Society of Native Nations(SNN)-is a Non-Profit 501(C)(3) Organization and was founded to fulfill the express mission of: Helping to protect, preserve the way of life, culture, spirituality, teachings and medicines of the Native indigenous people of North and South America. We also deal with social justice issues and the rights of all Native people from various communities throughout the United States.

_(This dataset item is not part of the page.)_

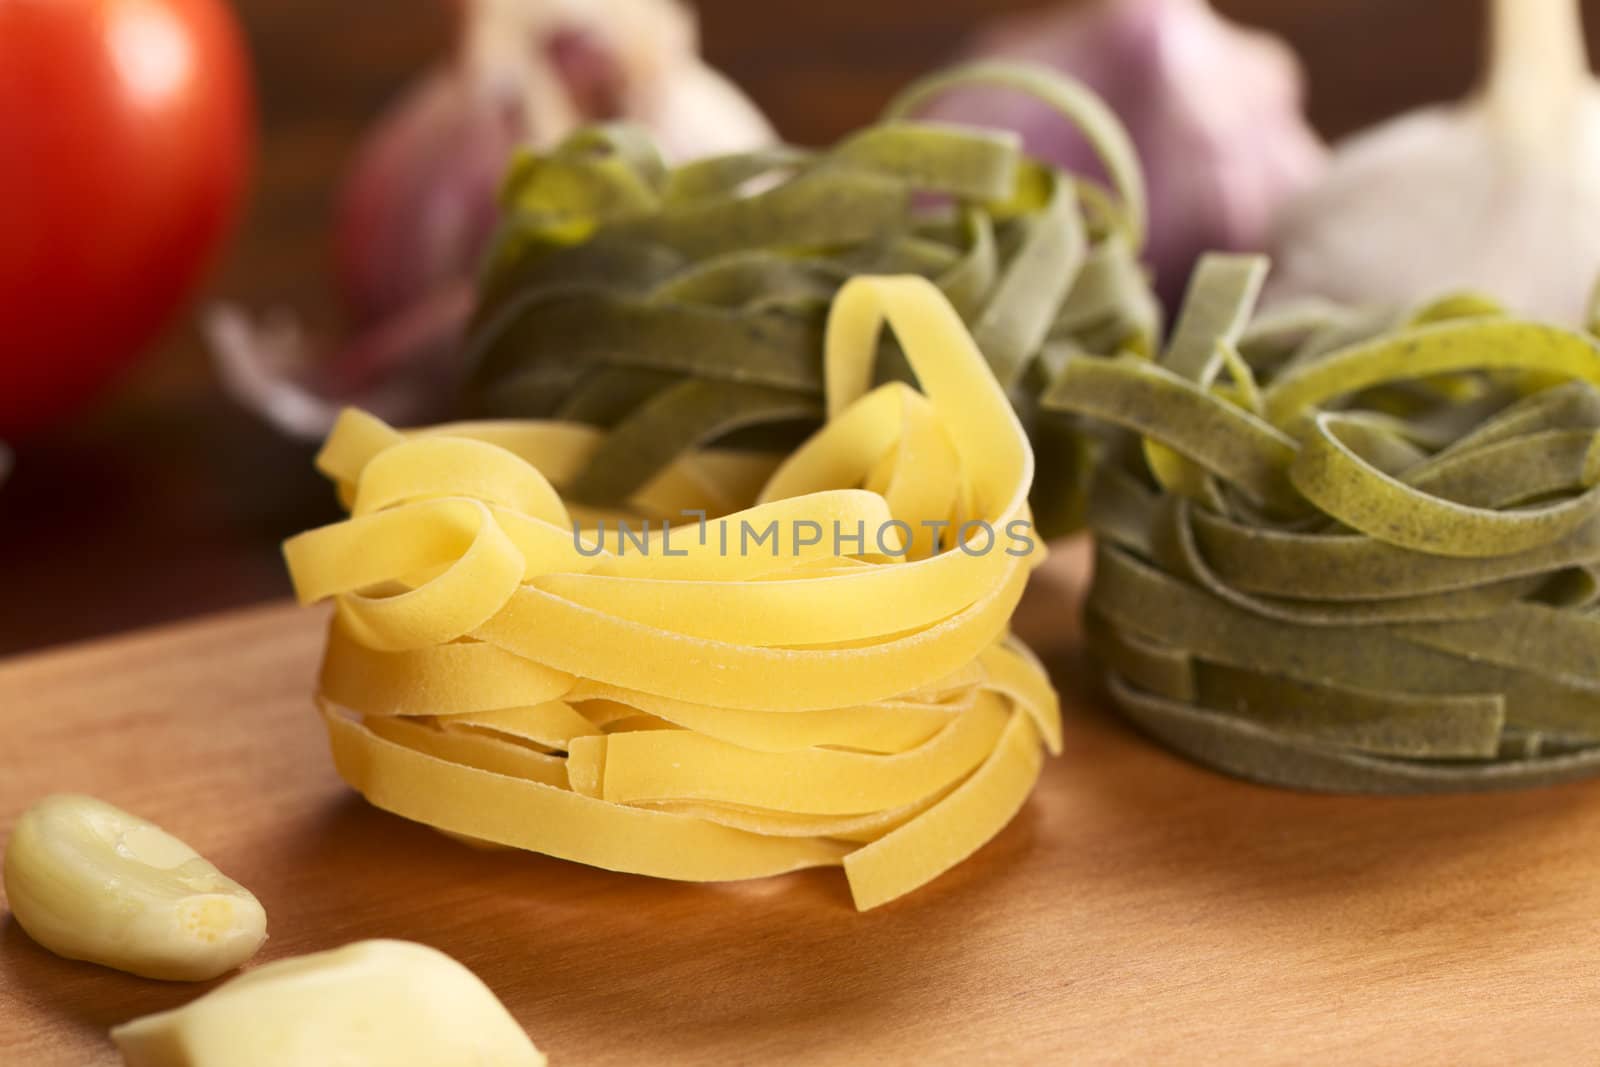 Raw tagliatelle paglia e fieno (straw and hay). Plain yellow pasta and with spinach flavored green pasta surrounded by garlic and tomato (Selective Focus, Focus on the front of the upper yellow tagliatelle strips)

Through awareness and education of our culture and spirituality, we believe people can better understand and respect one another and create true unity. Together we can succeed in addressing the issues we face in our Native communities, such as cultural racism, appropriation, exploitation, education, environmental issues wildlife conservation and any social injustice issues we can help our communities with. Our goal is to bridge the gap between Native communities and unite to better address the issues we face by providing the programs, events and actions to accomplish our mission.
First and foremost to help bring awareness that there ARE Natives in Texas. Texas has a brutal genocidal history. In 1838 Mirabeau Lamar decreed it illegal for any “Indians” to remain in Texas. Violence and torture of Native peoples reigned for years in the colonial missions now being celebrated as world heritage sites and major tourist attractions contributing to gentrification and further displacement of our people. We are living a colonial legacy on these lands where 95 percent of the land in Texas is privately owned. Nine ranchers own 37 percent of the land – an area larger than all but eight states. It is time for us to reclaim our connection to the land.

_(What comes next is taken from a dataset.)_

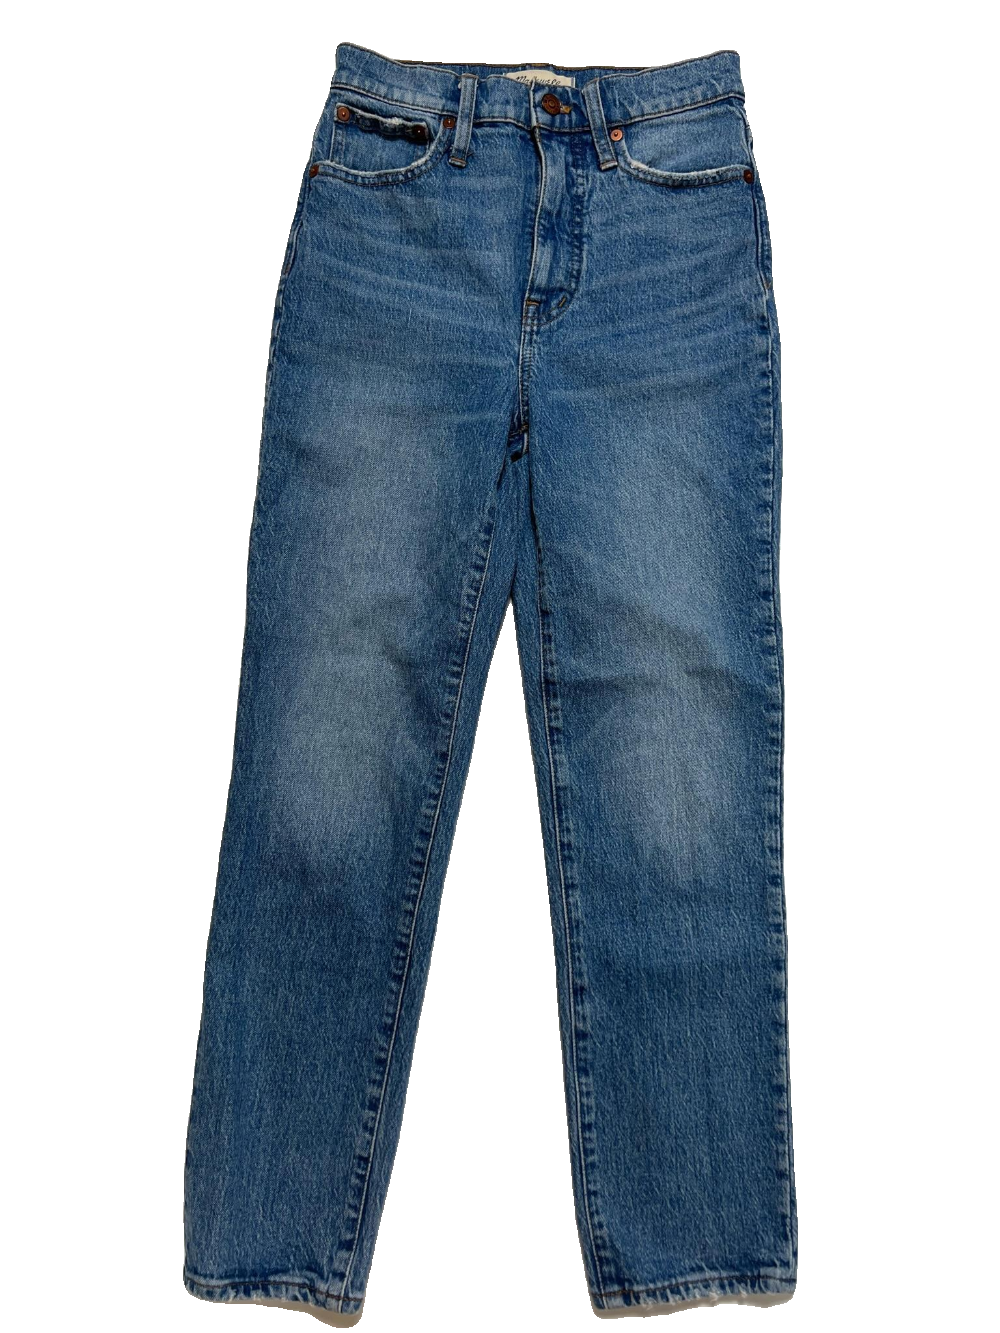 Madewell - Blue Jeans

Federally recognized Tribes in Texas are not from Texas (Alabama-Coushatta, Kickapoo and Tigua). While tribes originally from these lands and/or who have been here for generations are “Non-Federally Recognized” and receive no funding or assistence.
As Natives based out of Texas, this state faces the largest wealth disparity in the USA. This city is home to many displaced tribal Native peoples facing an urban environment. We have a unique challenge of harsh realities and distractions that make it difficult to stay connected to the elders and our way of life. We are lacking a space to come together as different tribes to build trust to move together for common interests and goals.
We wish to build a path of unity amongst our tribes through continuing practices such as sacred local ceremonial gatherings to bring our communities closer together. We plan to help educate local social justice organizers on how to be conscious of Native ways and land treaties to bring more Native presence and respect in various spaces so our efforts are truly Native led. All the while, training young Native leaders to step into greater leadership roles for the community.
Natives from different tribes are being called to come together to tackle various issues locally including cultural appropriation, racism and stereotypes. Some local examples include children being “forced to cut their hair” to attend public schools, addressing bullying, and educating public school educators about cultural competency to stop perpetuating stereotypes by enacting “Thanksgiving day activities” such as dressing children up as “Pilgrim and Indians”;This organization aims to bring more resources to support the younger generations. There are many natives in Texas that do not “consider themselves native” and in fact, are unaware of their lineage and connection to these lands. We wish to establish connections to elders and sacred sites and while guiding and encouraging them to piece together the history masked in schools of where and how our people lived and how to continue to live these ways.